Good Jobs First, an organization focused on tracking corporate subsidies, published a report analyzing the effects of tax abatements for economic development on school funding. The results should be a wakeup call to Texas legislators considering whether to renew these controversial corporate property tax breaks.

Abating Our Future – How Students Pay for Corporate Tax Breaks estimates that these tax abatements to select businesses cost U.S. public school districts $2.37 billion in forgone revenues in 2019.

According to the report, 149 districts in the U.S. lost more than $1,000 per student, including 52 in Texas, 18 of which lost more than $6,000 per student. That’s half the average statewide per-student funding.

Texas is one of five states that the report analyzed in detail because most school districts reported the abatements—allowed under Chapter 313 of the Texas Tax Code—in their financial reports (despite some gaps).

Abating Our Future found that Texas was among the top 10 “loser” states in 2019—third in the amount of net forgone revenues, behind South Carolina and New York. Texas’s Barbers Hill ISD ranked among the top 10 “loser” districts in the country in 2019, with $55.2 million in forgone revenues—representing the equivalent of $9,636 per student enrolled in this district.

Because of (sometimes significant) gaps in the disclosure data used, numbers are deemed conservative by the authors. The real cost to taxpayers, who have to make up for the lost tax revenue through their own property tax bills, which are already painful enough, may be significantly higher.

This report adds to the body of research that should give pause to renewing Chapter 313. The revenues that districts agree to forgo are often justified by the assumption that businesses that are parties to these agreements would not come without the abatements.
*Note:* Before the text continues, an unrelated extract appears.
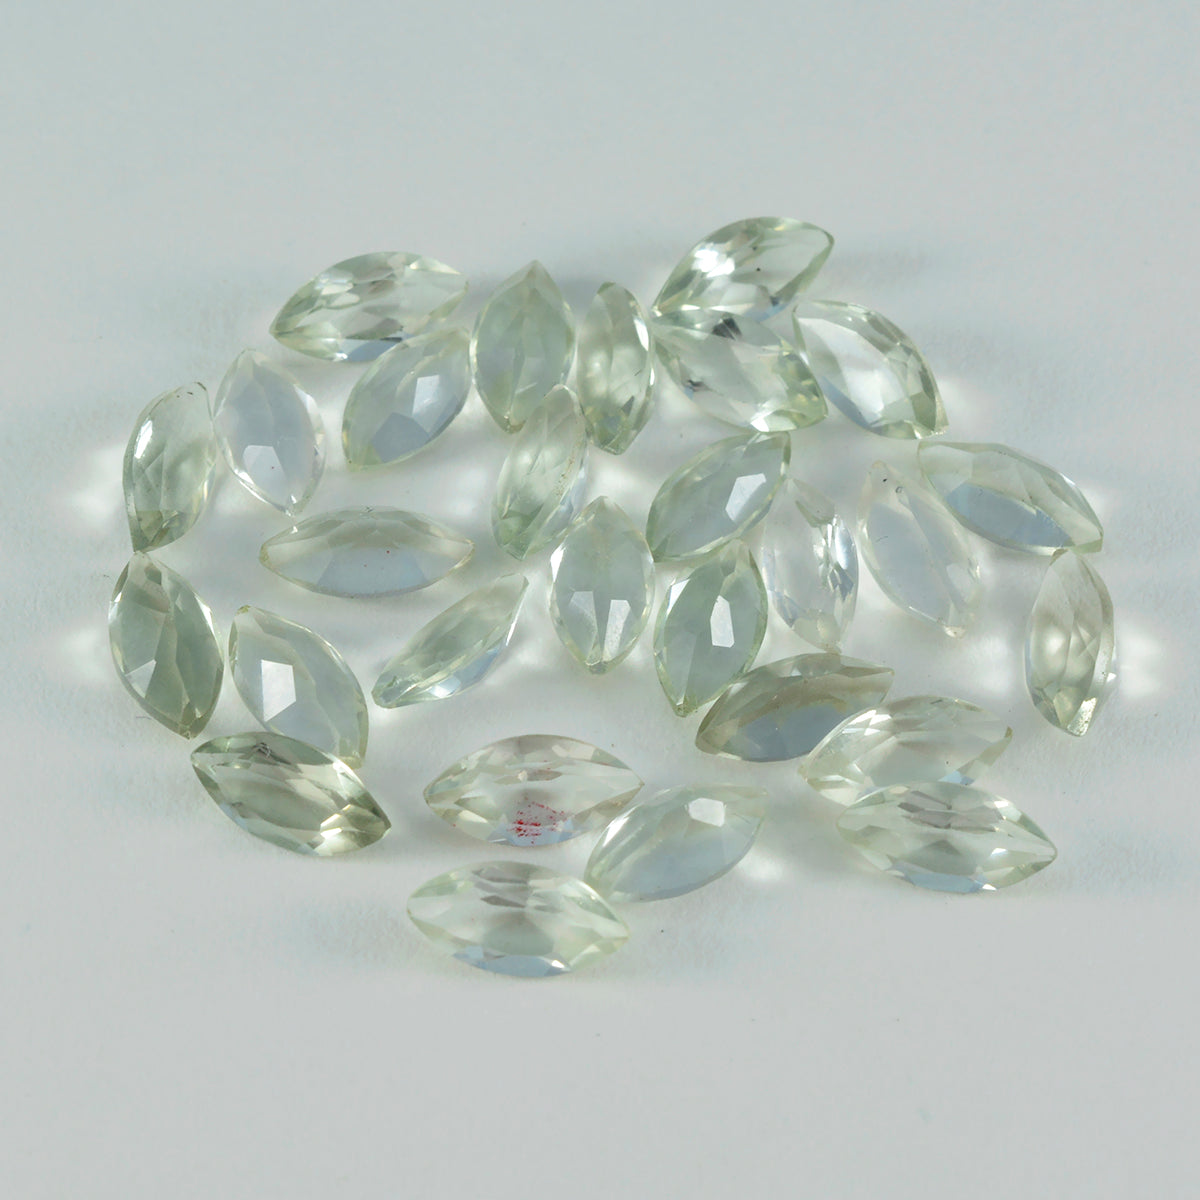 Riyogems 1PC Green Amethyst Faceted 2x4 mm Marquise Shape handsome Quality Loose Gemstone

However, both academic research and investigative journalism continue to point to the opposite conclusion.

Another argument is that property taxes are high in Texas for capital-intensive businesses—but they are also high for homeowners and small businesses, and they impact rents as well. It is time to let Chapter 313 expire and to focus on reducing property taxes for everyone instead—individuals as well as small and big businesses alike.

You can read the entire Good Jobs First report here. The authors’ methodology is described in Appendix B.

Good Jobs First took advantage of a recent tax abatement disclosure rule: Statement No. 77 of the Governmental Accounting Standards Board or GASB 77 for short.

GASB is an independent private-sector organization whose goal is to create accounting and financial reporting standards for U.S. state and local governments. In 2015, GASB required that state and local governments using Generally Accepted Accounting Principles (GAAP) disclose in their comprehensive annual financial reports (CAFRs) the tax abatement agreements they enter into and the tax expenditures or reductions of tax revenues—forgone tax revenues—that result from these agreements.

Publicly traded companies in the United States are required by law to use GAAP for their financial reporting; state and local governments are not, except for the states that require it by law, which is the case in Texas for school districts.